Население всего Восточного Туркестана тогда стонало, лишенное всех прав, под гнетом деспотов- завоевателей. Придя к власти в 1934 году, десять лет с неслыханной жестокостью правил краем Шэн Шицай. Тысячи и тысячи мирных, ни в чем не повинных людей очутились в застенках, а там их ждали пытки и смерть. А оставшиеся на «свободе» не имели права даже свободно дышать. Но этот гнет и бесправие рождали гнев и поднимали народ на борьбу, пусть стихийную, пусть лишенную перспективы, но все же борьбу. Боль народа, его возмущение дошли до грани. Вот-вот должен был наступить тот предел, за которым всегда следует всенародное восстание. Гани здесь, в тюрьме, пополнявший свое «политическое образование», был полон жаждой борьбы за освобождение народа.

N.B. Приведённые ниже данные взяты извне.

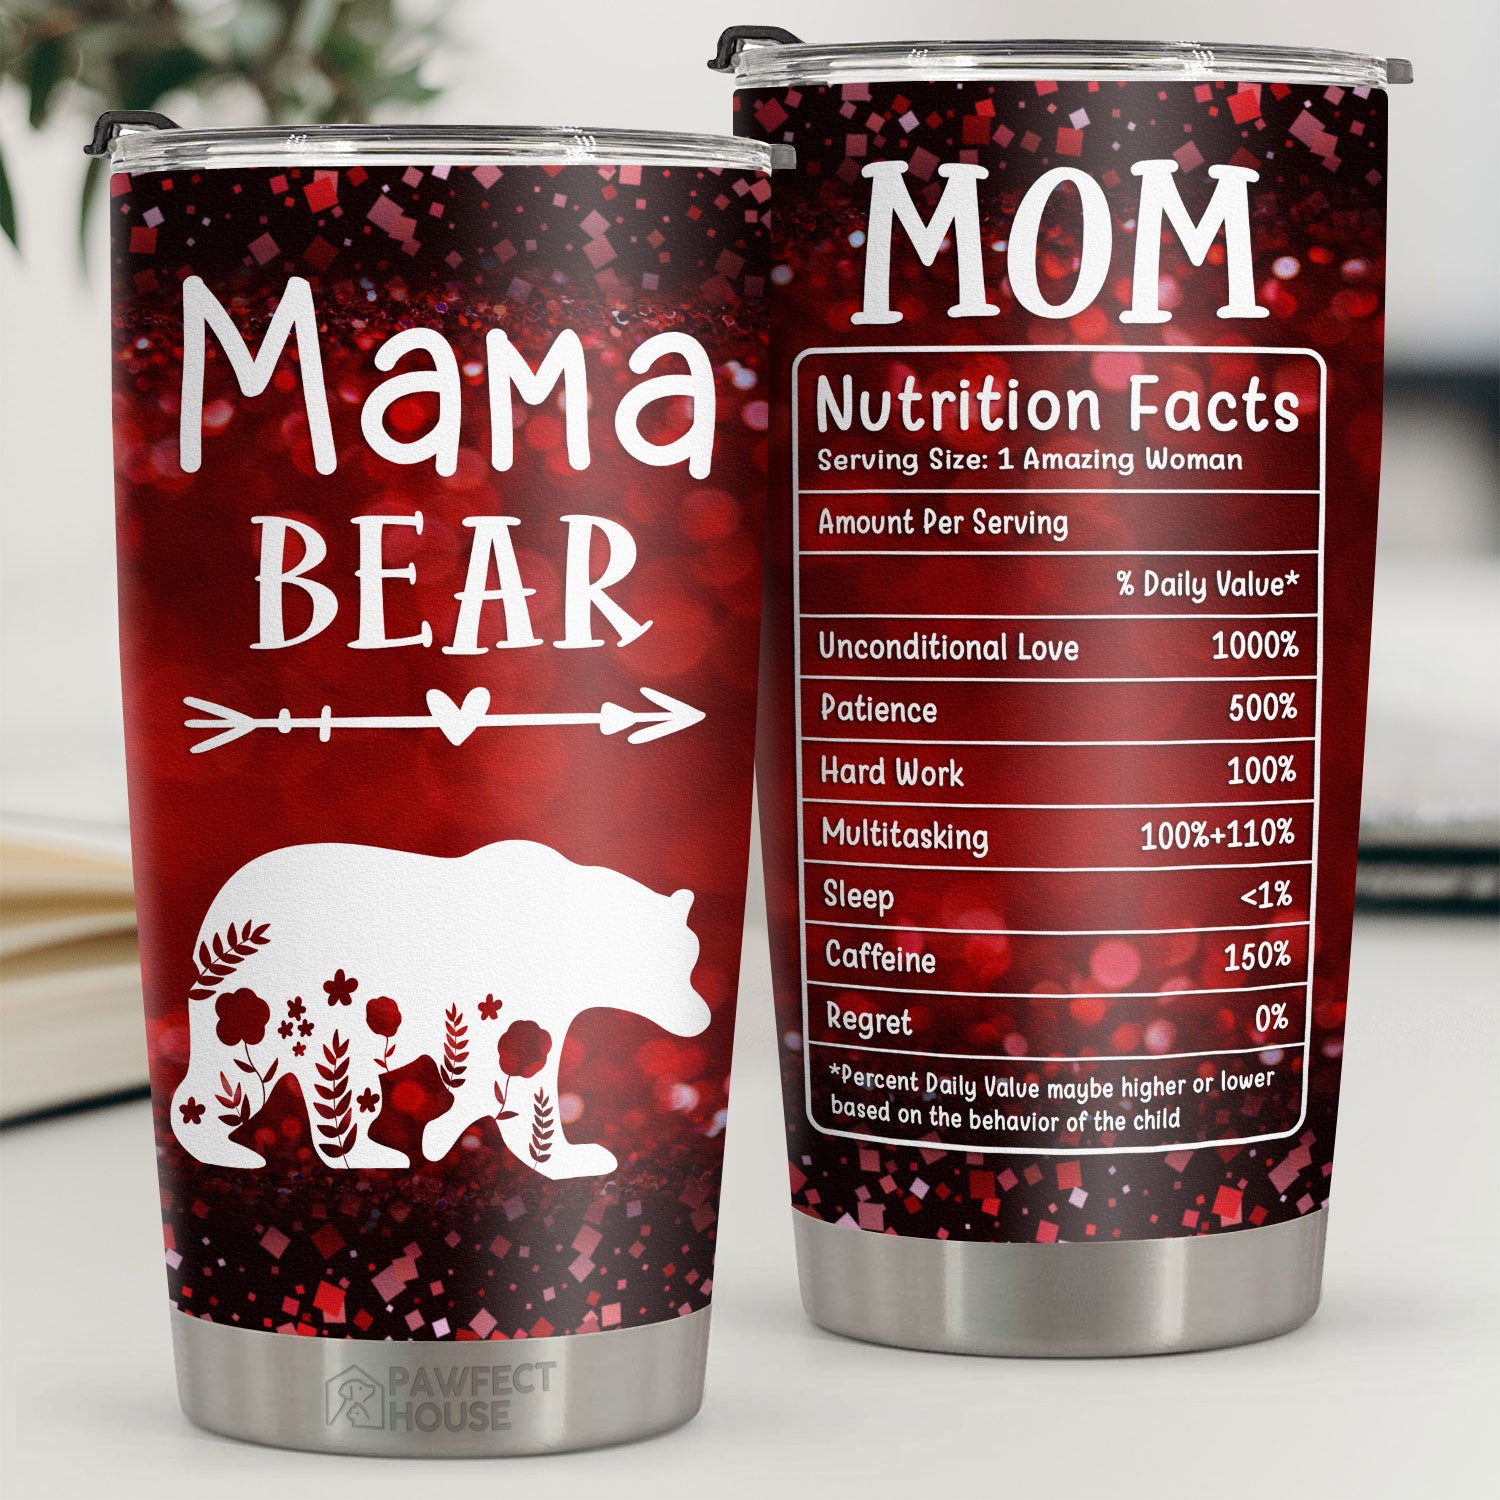 Mama Bear, Mom Nutrition Facts - Tumbler - Christmas Gift For Family, -  Pawfect House ™

— Сейчас надо действовать, — сказал Гани, выслушав своих товарищей по камере. — Чем покорнее, чем тише мы будем, тем больше будут наглеть эти кровопийцы! — Гани задумался и продолжал: — Все мы здесь и тысячи других уйгуров, в чем мы виноваты? В чем наше преступление? Или это мы захватили их земли и отбираем их скот? Это мы бросаем их в тюрьмы? Так сколько же можно терпеть? Неужели же в нас не осталось ничего человеческого и мы уподобились скотине, забыли, что такое разум и честь? Надо подниматься на борьбу!..
Этой ночью никто не спал…. Каждый думал о своей судьбе, о словах Гани. И узникам казалось, что рухнули стены темницы и Гани ведет их к свету, к солнцу.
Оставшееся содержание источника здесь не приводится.